Sibylle is currently a Non-Executive Director of Ventia Services Group Limited (ASX:VNT), and AusEnergy Services Limited (formerly AEMO Services Limited). She is also a member of the Commonwealth Capacity Investment Scheme Investment Committee, an advisory body for Commonwealth investment in the energy transition, and a member of the advisory board of Law Squared, a challenger to the traditional law firm model.

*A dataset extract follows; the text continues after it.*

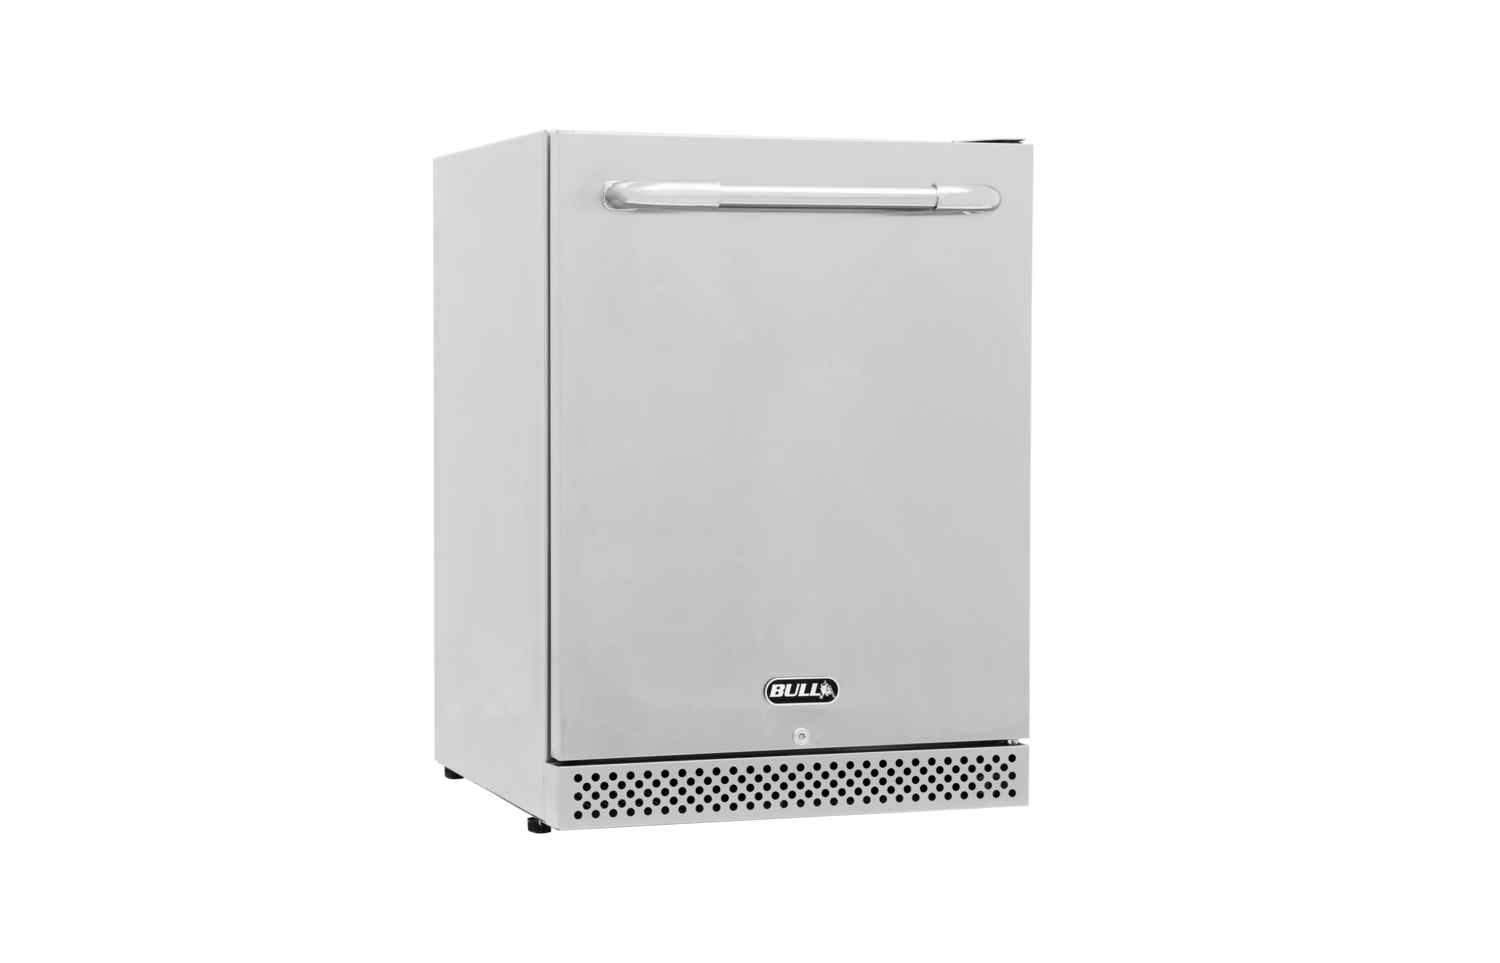 BULL Premium Outdoor Refrigerator Series 2

Sibylle has previously served as Chair of Xenith IP Group Limited (ASX:XIP), and as a Director of Sydney Ports Corporation, Allconnex Water (South-East Queensland), TasWater, Vector Limited (NZX:VCT), the Australian Energy Market Operator Ltd (AEMO), Openpay Group Limited, and as a trustee of the Royal Botanic Gardens and Domain Trust and of Sydney Grammar School. In addition, for six years, Sibylle served as a Tribunal member of the principal NSW economic regulatory tribunal, IPART.
Sibylle holds undergraduate and post-graduate degrees in law and an MBA from Melbourne Business School. She is a Fellow of the Australian Institute of Company Directors.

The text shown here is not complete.